The academic neo-Marxist revival that began just as Landes was finishing his tome led to a reconsideration of the story, pointing toward advantages in labor supervision rather than technical superiority in the rise of the factory system. Concentrated workers could be made to work longer and harder than dispersed workers, while creating more consistent products and limiting endemic theft and embezzlement. Thus the example of early factories that brought workers under one roof without introducing power machinery or changes in production methods. But other scholars then challenged the idea that the reorganization of labor accounted for the savings gained by factory production, pointing instead to some of the advantages that Babbage, Baines, and Marshall noted in moving multiple processes, which in the past had been conducted by external agents, into a single location and within a single firm: inventories could be reduced, transportation costs lowered, and production more closely aligned with shifts in demand.30
Concurrent with these debates over the reasons for the adoption of the factory model was a growing literature that rejected the idea that the industrialization entailed a radical break with past practices. Rather, economic historians argued, a less visible process of “protoindustrialization” laid the basis for later, more dramatic and widely noted changes that came to be labeled the Industrial Revolution. By the early eighteenth century, in England and elsewhere in Europe, merchants and entrepreneurs were organizing increasingly large networks of home-based producers, selling to broadening markets, and accumulating capital. In the process, urban-based manufacturing migrated to the countryside, where excess and off-season agricultural workers provided a ready labor source.
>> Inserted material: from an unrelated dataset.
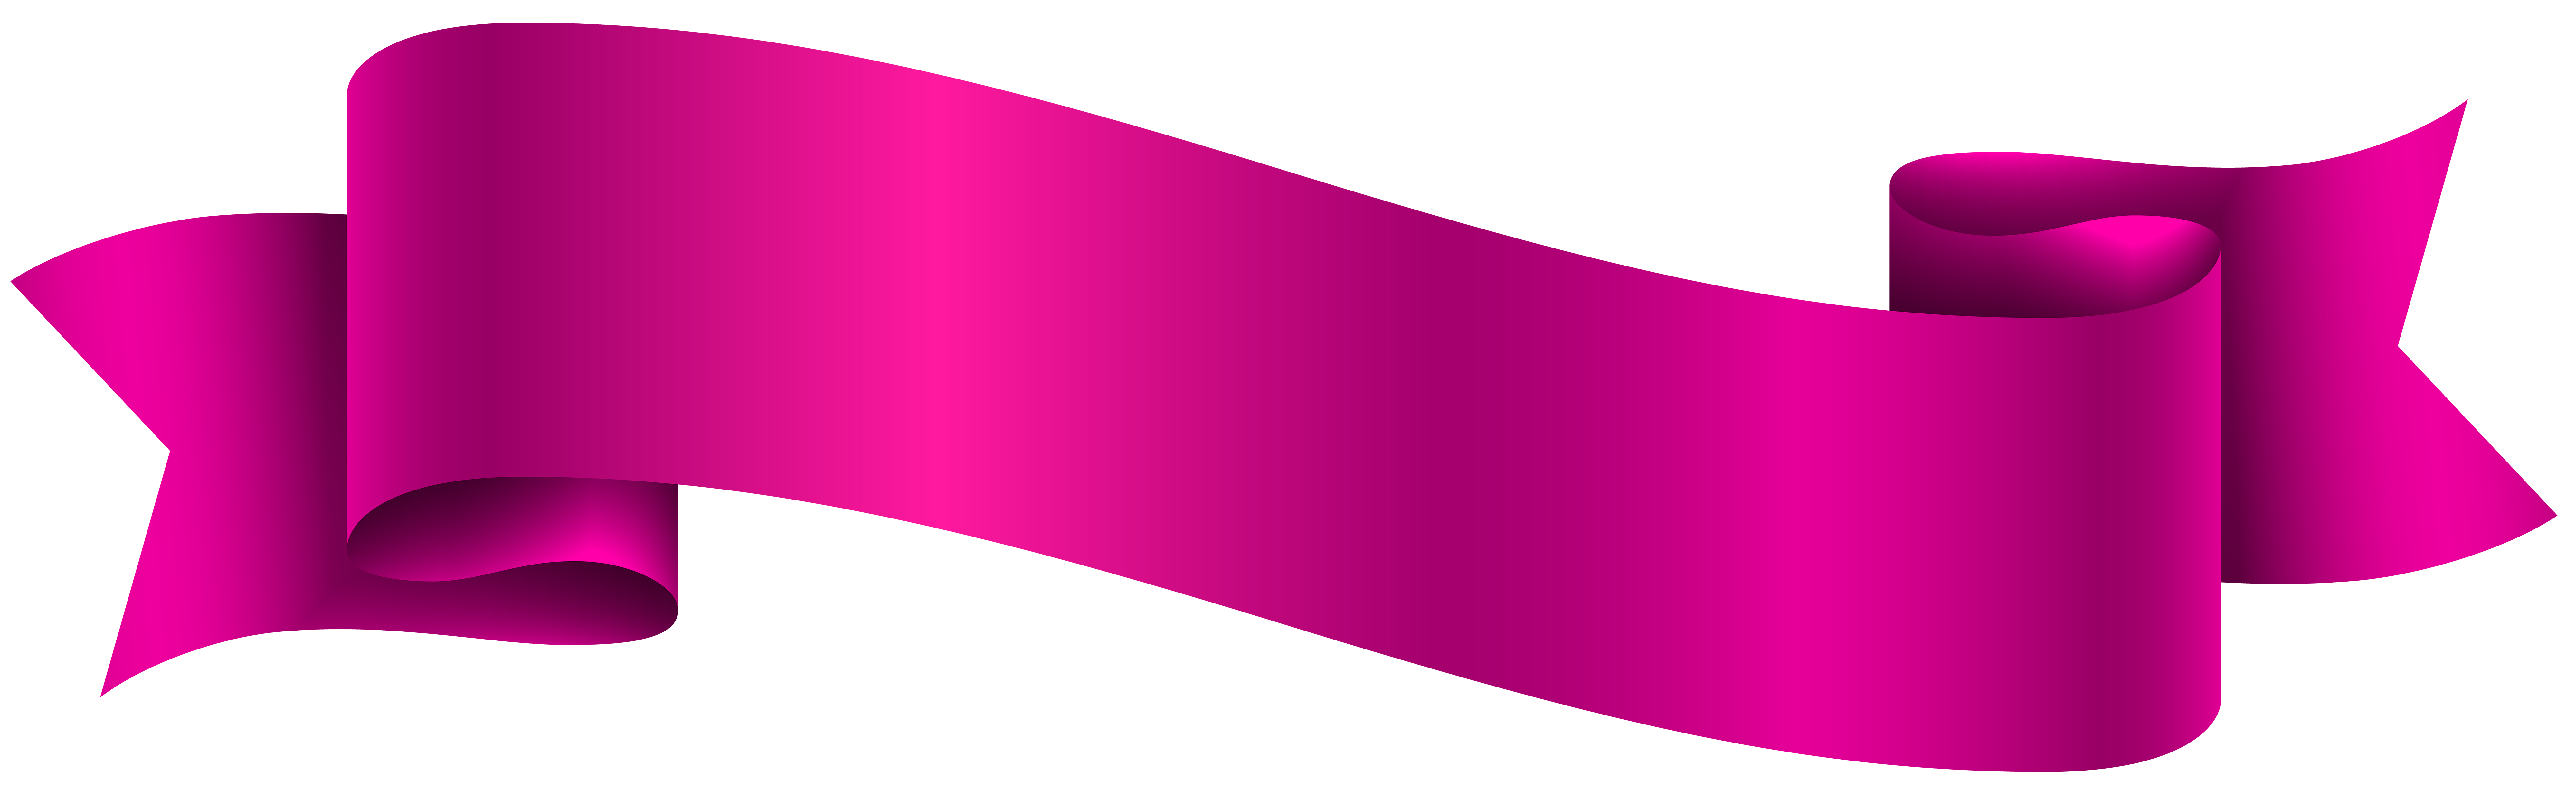 Banner violeta PNG imagen de alta calidad
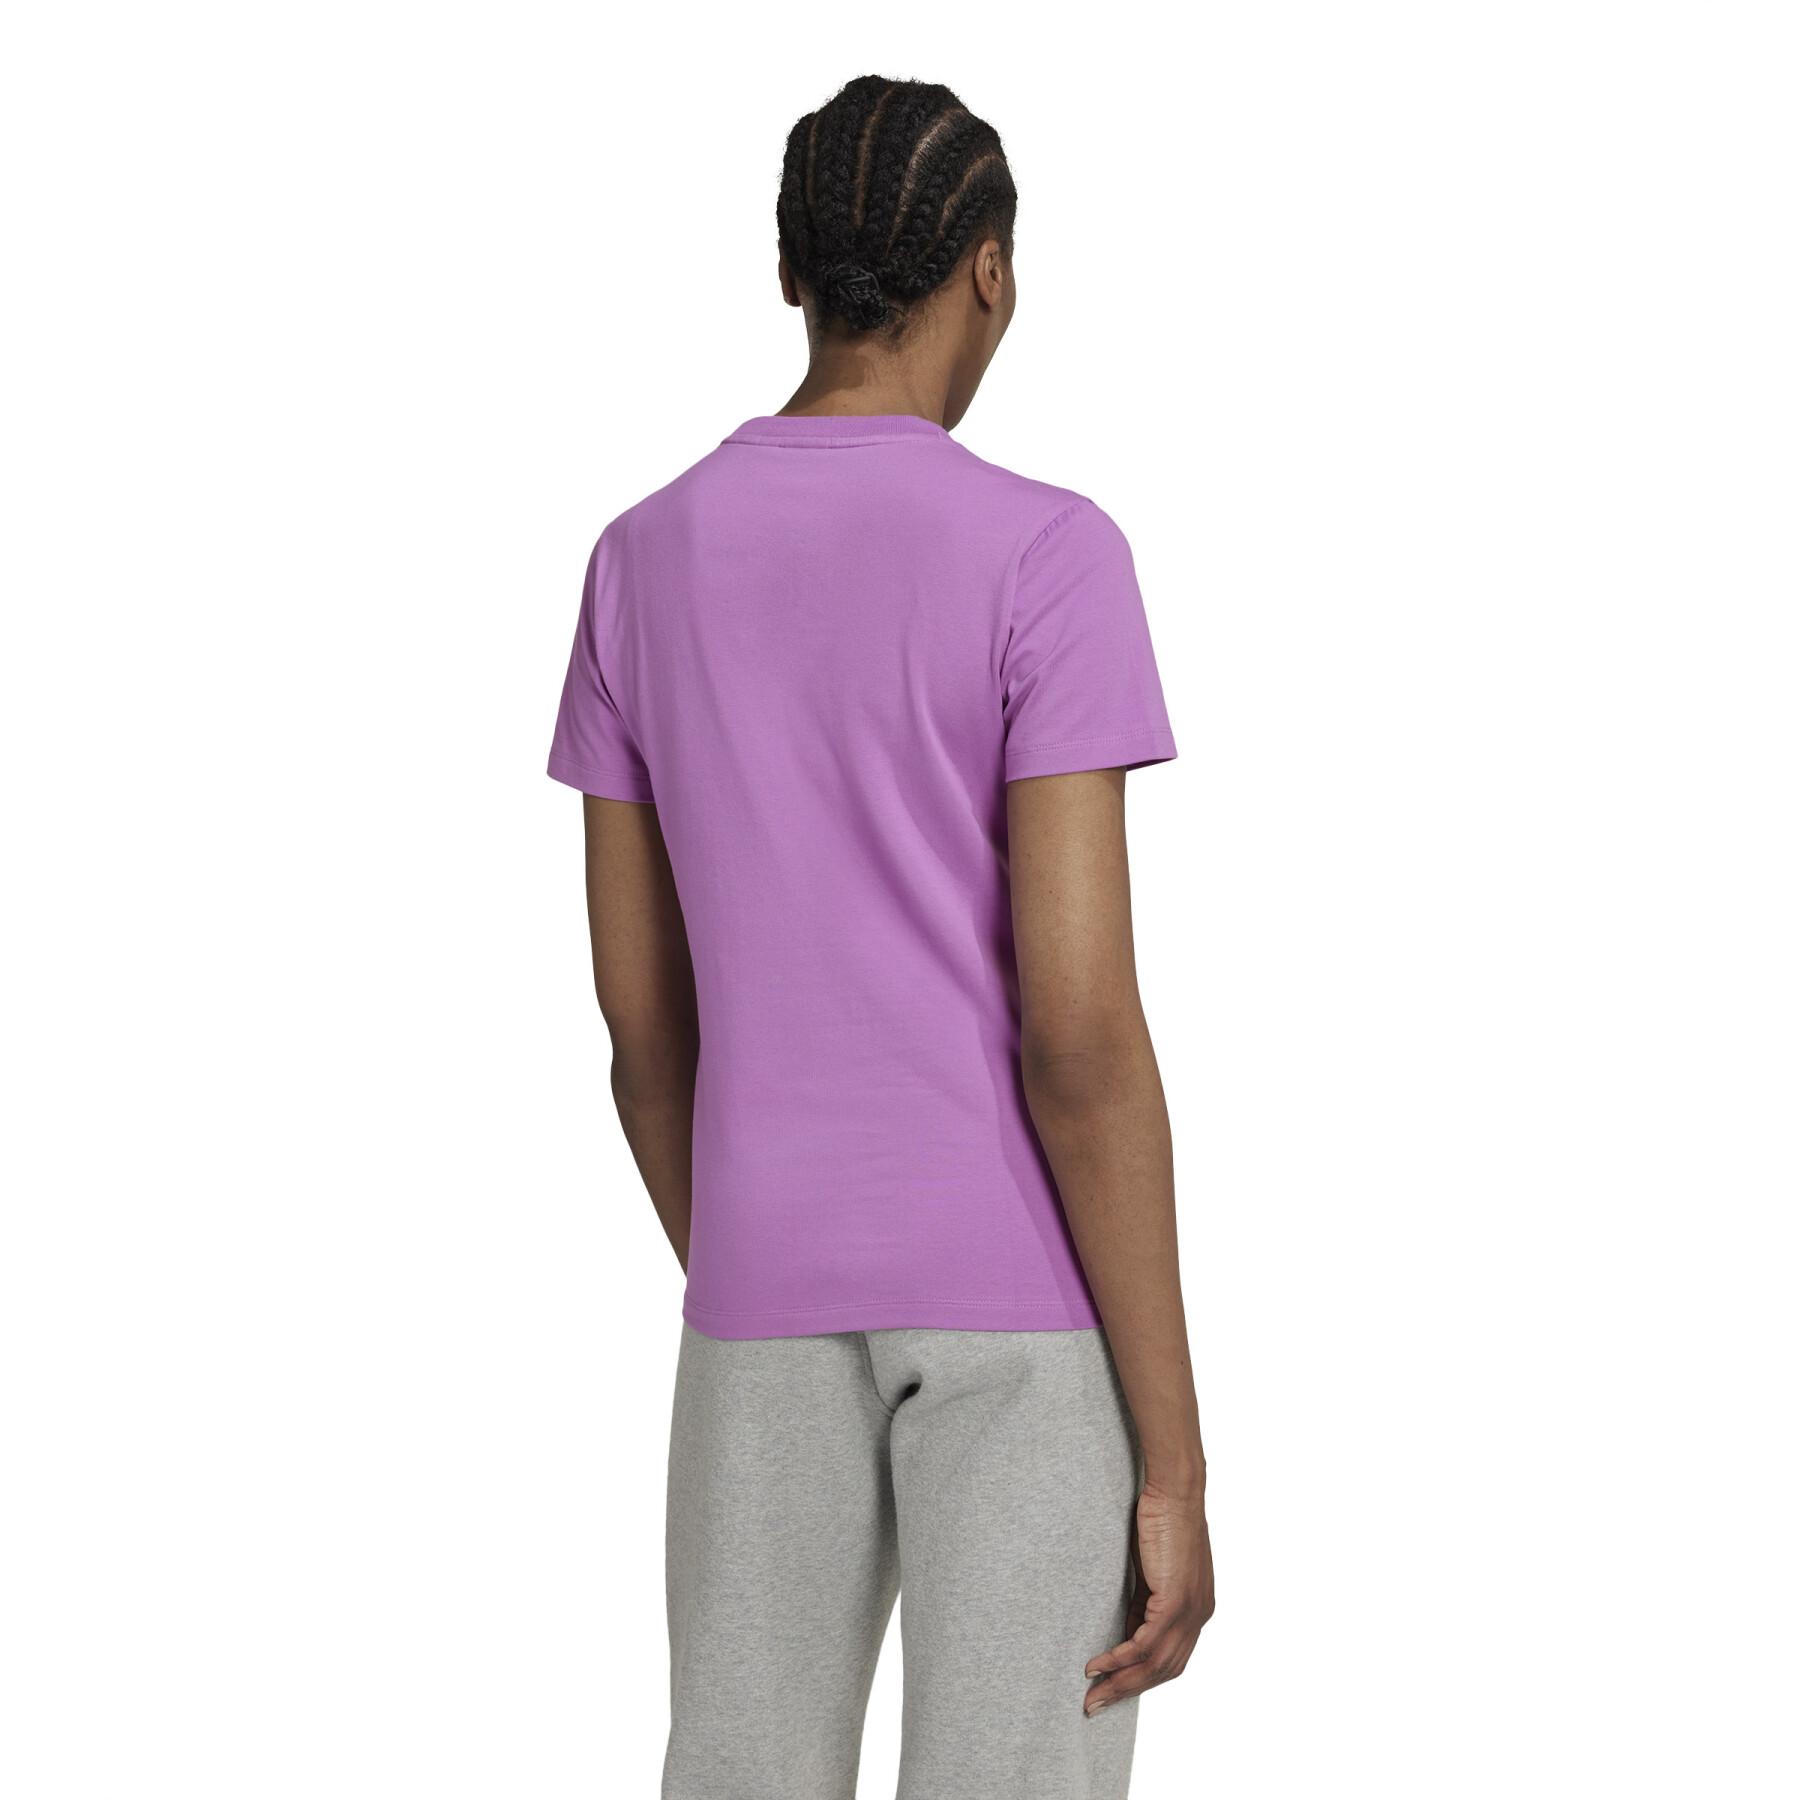 T-shirt för kvinnor adidas Originals Trefoil Adicolor Classics

Thus large-scale, rural-based manufacturing already had emerged before the invention of power-driven machinery and large mills, making the seemingly revolutionary leap not quite so great.31
Even with the old and new explanations for the rise of the factory system, it remains unclear why cotton mills so quickly reached a very large size, in the 1,000- to 1,500-worker range, but thereafter stopped growing, with new mills tending to be smaller. In the early days of the factory, the economics of water power may have made large-sized plants attractive, given the relative scarcity of sites and the capital investment needed to construct dams and channels to deliver a steady flow to waterwheels. At New Lanark, the largest mill complex in Great Britain, workers had to carve out a hundred-yard rock tunnel to get water to the mill wheels. Steam power provided greater flexibility. While some steam-powered mills also were large, perhaps as a way to quickly grab market share, historian V. A. C. Gatrell suggested that, after the first wave of cotton mill construction, new entrants saw few economies and greater risks in matching the size of the pioneer plants, recognizing that managerial constraints could make larger plants less efficient.32
Perhaps plant size did not simply reflect economic calculus. At a moment when most wealth in Britain took the form of land ownership or government bonds, large factories provided a way to establish social status. Arkwright built a castle, Willersley, near his Cromford mills, having bought most of the surrounding land. The ex-barber was soon acting as a paternal grandee, building a chapel and school (with compulsory attendance) for the children who made up much of his workforce and sponsoring festivals for his workers. In an extravagant gesture that symbolized the social elevation made possible by his inventions and mills, Arkwright lent the Duchess of Devonshire five thousand pounds to cover her gambling debts. His son, while continuing to operate the family mills, invested heavily in land and government bonds and provided mortgages to the gentry and even the nobility, becoming the richest commoner in Britain. The Strutt family, though better established than Arkwright, followed a similar trajectory. Frances Trollope portrayed the use of a large factory to transform social status in her 1840 novel, The Life and Adventures of Michael Armstrong the Factory Boy, with Sir Matthew Dowley building a mansion on an estate from which the “grim-looking chimney cones” of his factory could be seen.33 As it would do over and over again, the giant factory brought into existence not only a new mode of production but also a new class of wealthy industrialists who sought to join the ruling elite.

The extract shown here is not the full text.